● **Task directions**: Without the pictures, retype each line below exactly as it stands.

● **Data excerpt**:
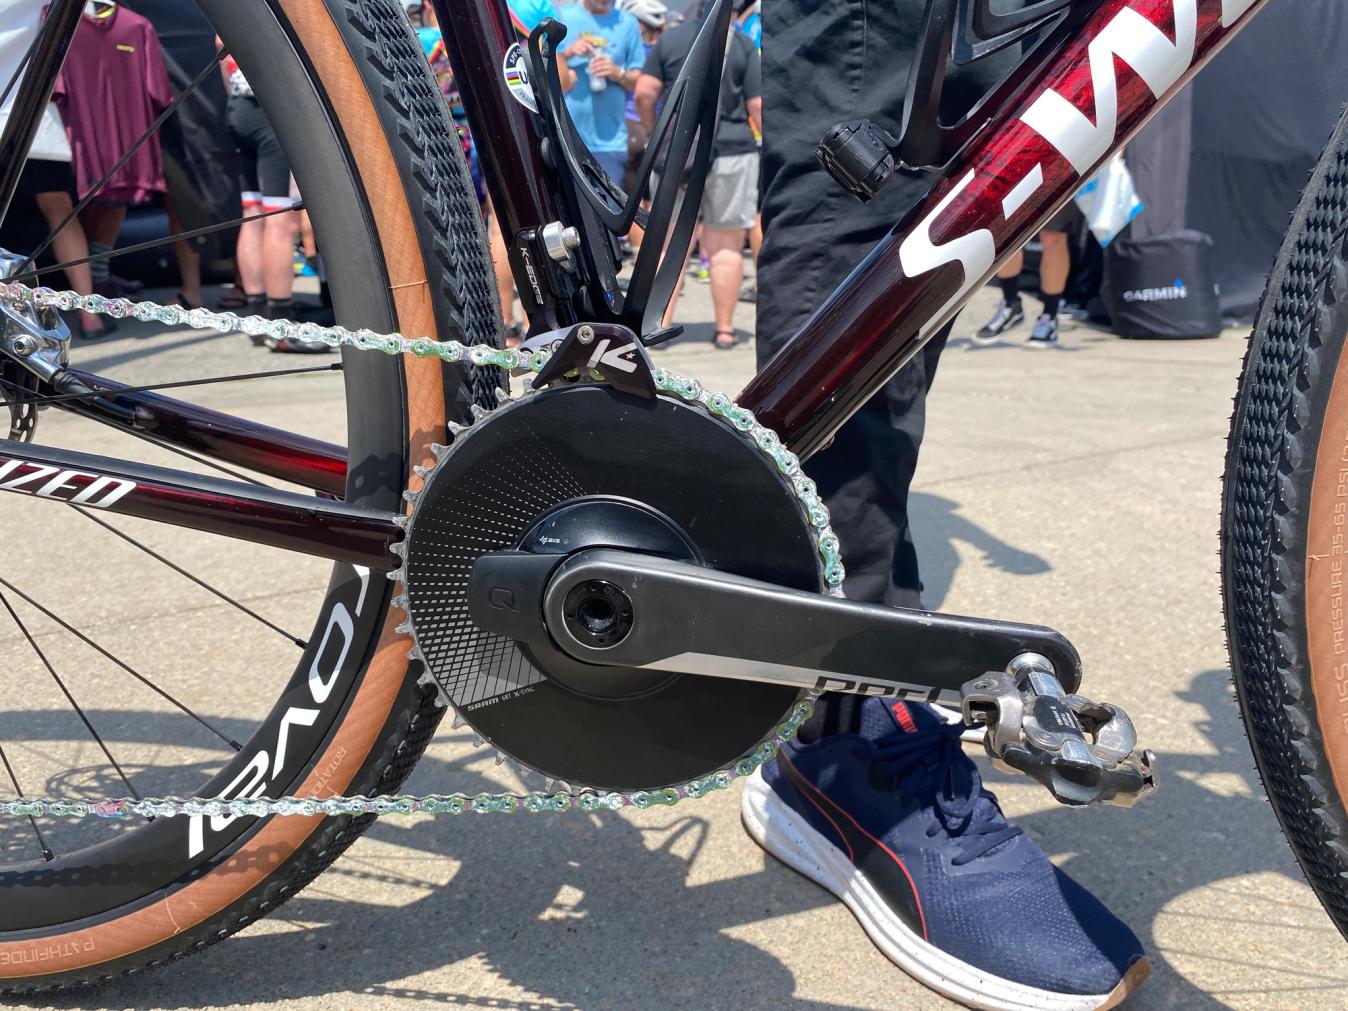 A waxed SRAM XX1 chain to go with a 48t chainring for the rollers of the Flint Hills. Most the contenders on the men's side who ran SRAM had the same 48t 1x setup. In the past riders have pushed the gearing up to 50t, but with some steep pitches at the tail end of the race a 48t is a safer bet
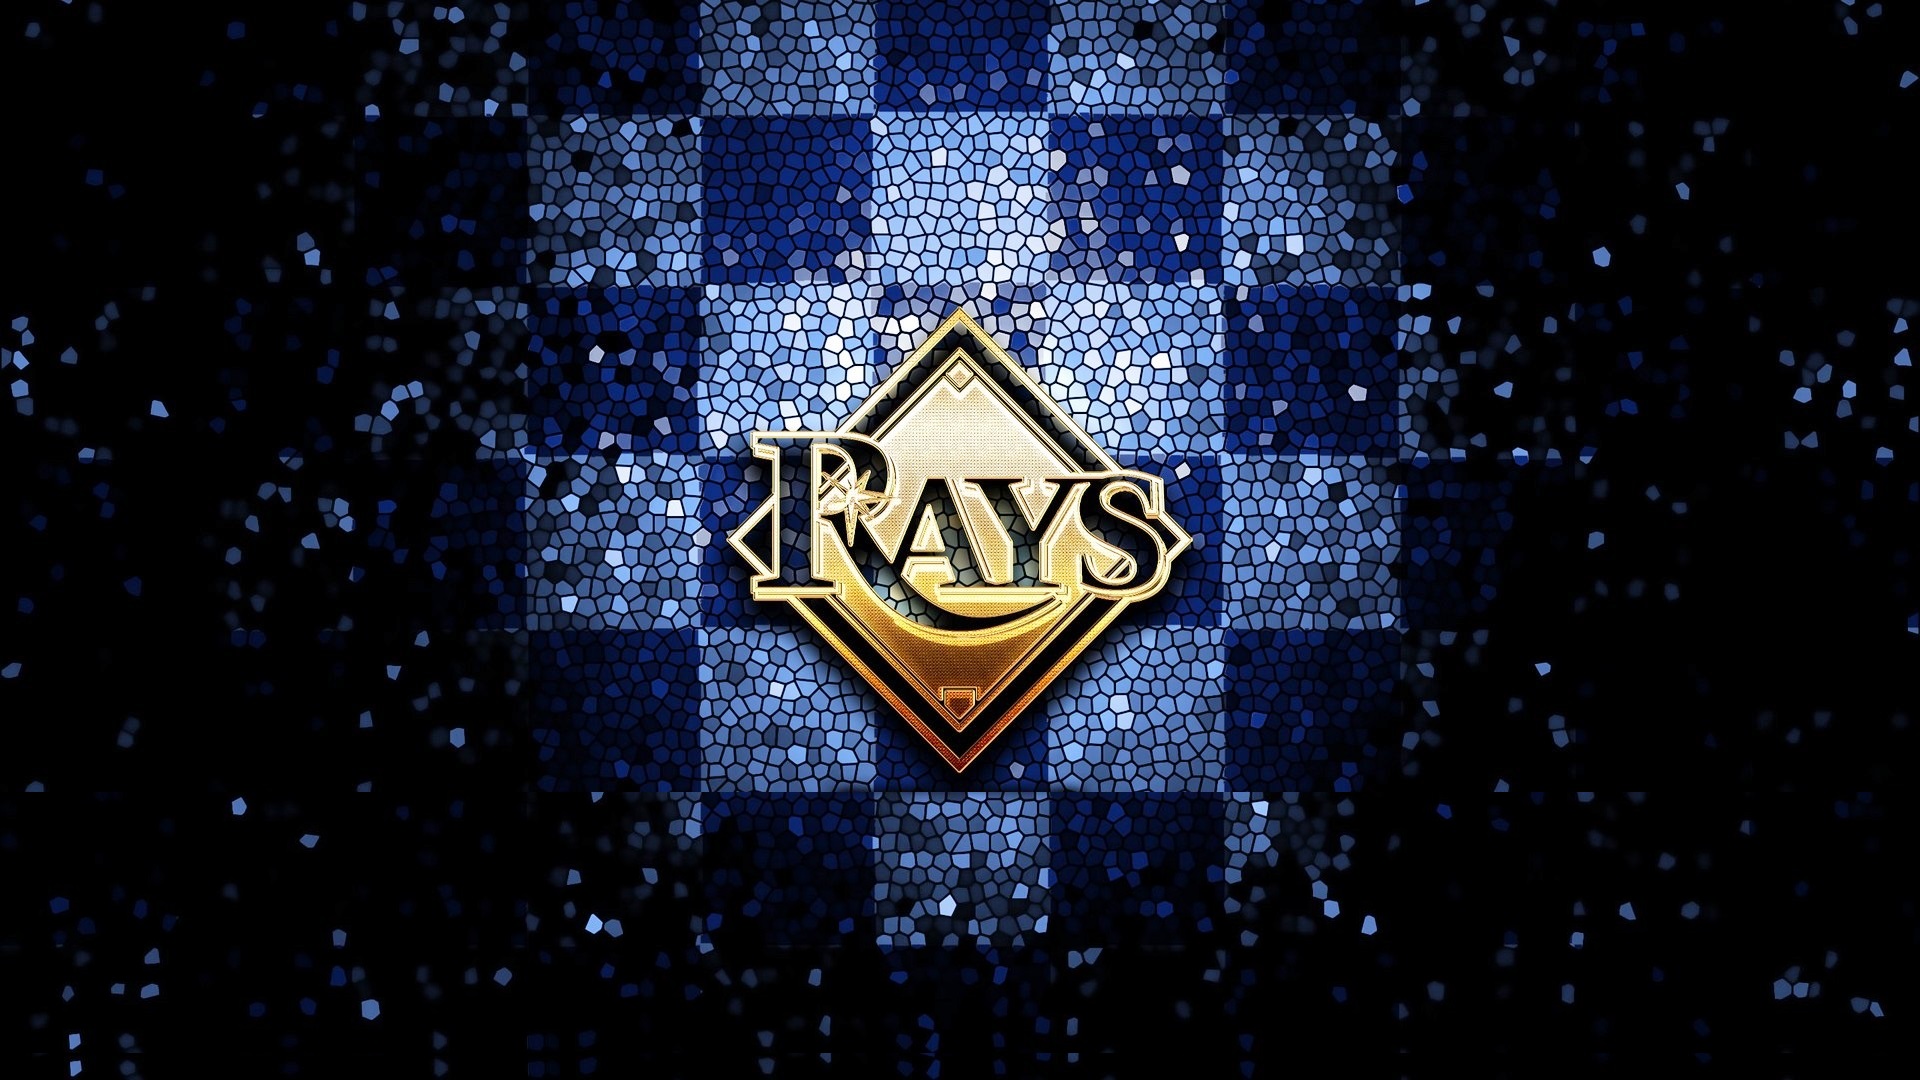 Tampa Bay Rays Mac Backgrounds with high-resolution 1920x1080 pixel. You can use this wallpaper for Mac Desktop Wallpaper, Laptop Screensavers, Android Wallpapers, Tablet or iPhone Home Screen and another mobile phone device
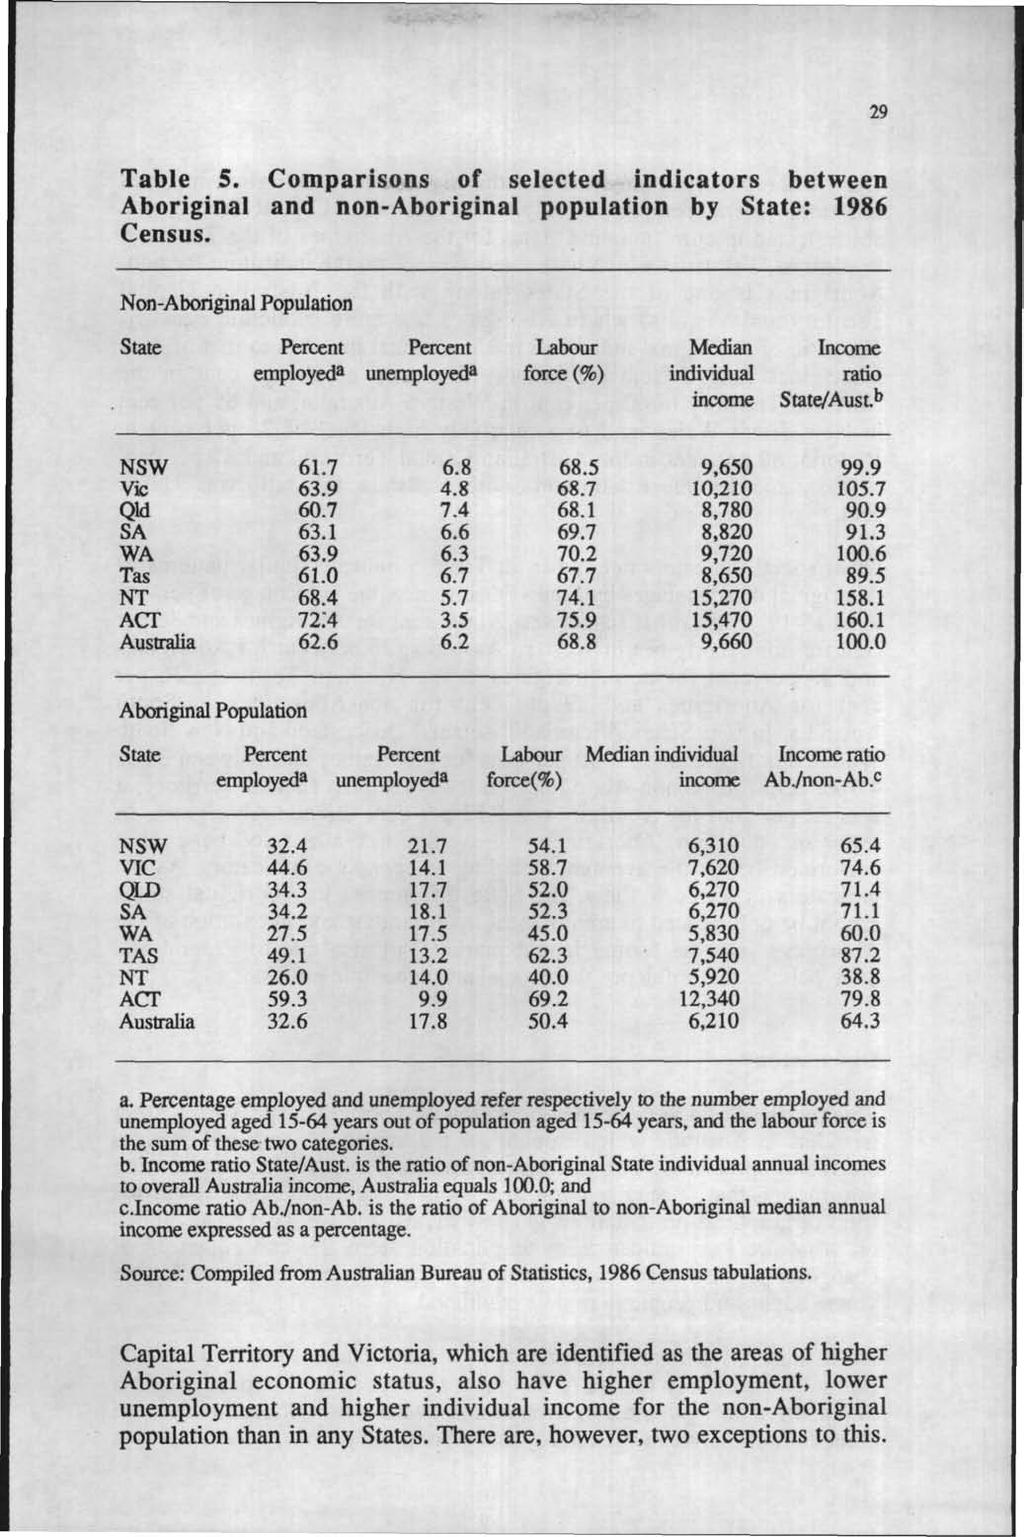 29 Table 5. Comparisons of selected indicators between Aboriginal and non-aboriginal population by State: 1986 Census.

● **Completed task**:
 A waxed SRAM XX1 chain to go with a 48t chainring for the rollers of the Flint Hills. Most the contenders on the men's side who ran SRAM had the same 48t 1x setup. In the past riders have pushed the gearing up to 50t, but with some steep pitches at the tail end of the race a 48t is a safer bet
 Tampa Bay Rays Mac Backgrounds with high-resolution 1920x1080 pixel. You can use this wallpaper for Mac Desktop Wallpaper, Laptop Screensavers, Android Wallpapers, Tablet or iPhone Home Screen and another mobile phone device
 29 Table 5. Comparisons of selected indicators between Aboriginal and non-aboriginal population by State: 1986 Census.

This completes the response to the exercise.